Unfinished manuscript by Mikhail Bakunin

God and the State is an unfinished manuscript by the Russian anarchist philosopher Mikhail Bakunin, published posthumously in 1882. The work criticises Christianity and the then-burgeoning technocracy movement from a materialist, anarchist and individualist perspective.

==Background==
With the outbreak of the Franco-Prussian War in July 1870, the Russian anarchist Mikhail Bakunin hoped the conflict would create the conditions for a social revolution, in which the French working-class would repel the invading Prussians, overthrow the Second French Empire and replace it with a "free federation of communes". By September 1870, the French Empire had collapsed, prompting Bakunin to move to Lyon to lead the coming revolution, which would culminate in the formation of a number of insurrectionary communes in France.
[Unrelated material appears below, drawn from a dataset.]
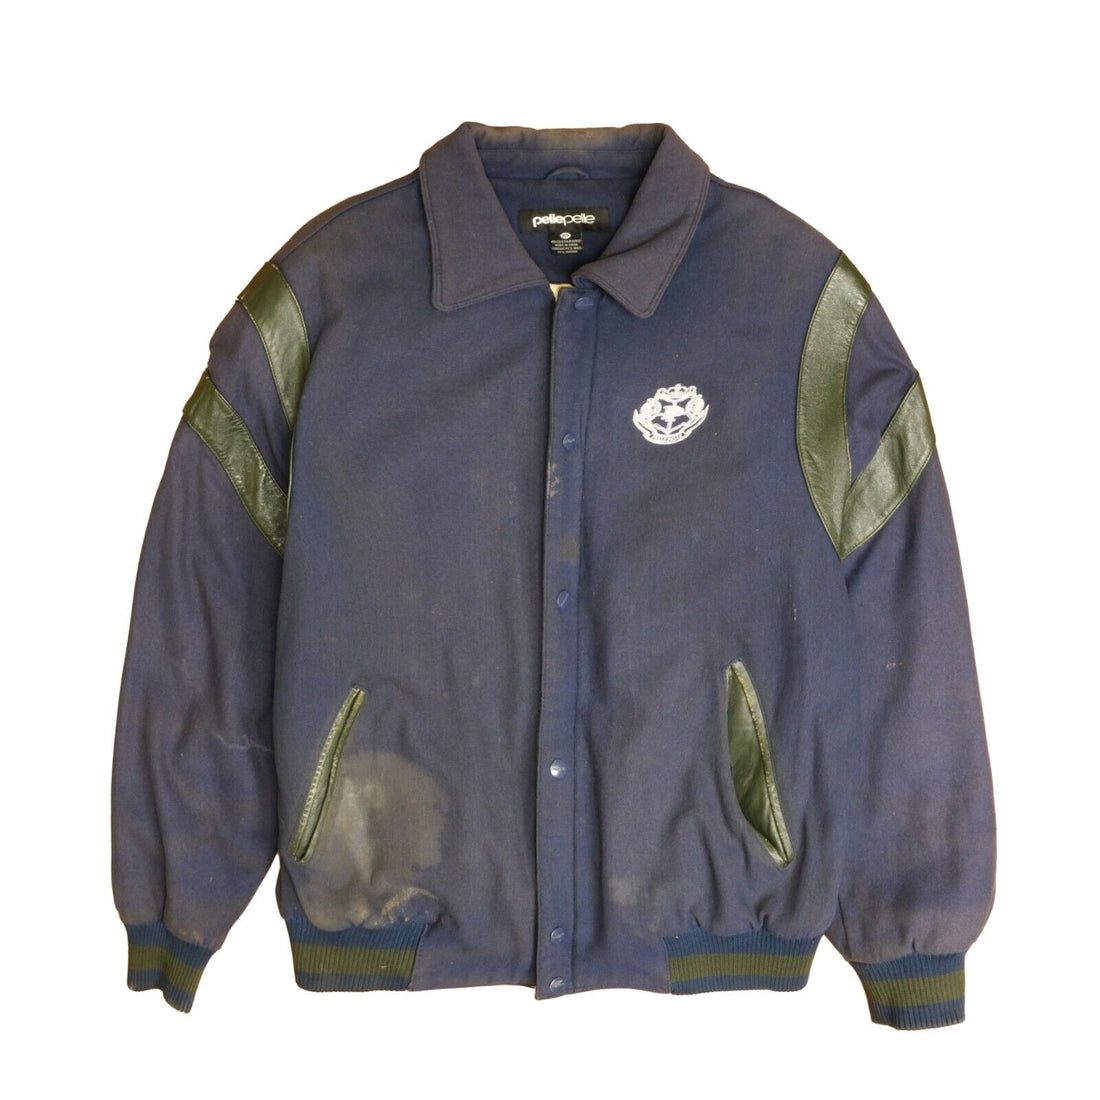 Vintage Pelle Pelle Crest Varsity Jacket Size XL Blue

Bakunin himself proclaimed the creation of the Lyon Commune, in which all institutions of the state were abolished and replaced by revolutionary committees, while taxes and debt collections would be suspended. The uprising in Lyon was quickly suppressed by the nascent French Third Republic, forcing Bakunin to flee to Switzerland. His experiences in France inspired him to write a book, The Knouto-Germanic Empire and the Social Revolution, in which he developed his ideas on anarchist philosophy. He intended it to be his final testament. The book would ultimately remain unfinished. Six years after Bakunin's death, an extract from the second part of the book was republished as a pamphlet titled God and the State.

==Contents==
God and the State starts with a discussion on economic determinism, drawing from Karl Marx's own views on dialectical materialism. Bakunin begins by asserting his metaphysical belief that materialism, rather than idealism, provides the correct view of reality; paraphrasing Pierre-Joseph Proudhon, he says that ideas are "but a flower, whose root lies in the material conditions of existence". Bakunin then states that all aspects of human history, whether intellectual, political or social, are all mere reflections of the world's economic history. Bakunin distinguishes between idealistic faith, which presupposes facts without evidence, and materialistic experience, which involves the verification of facts through the scientific method.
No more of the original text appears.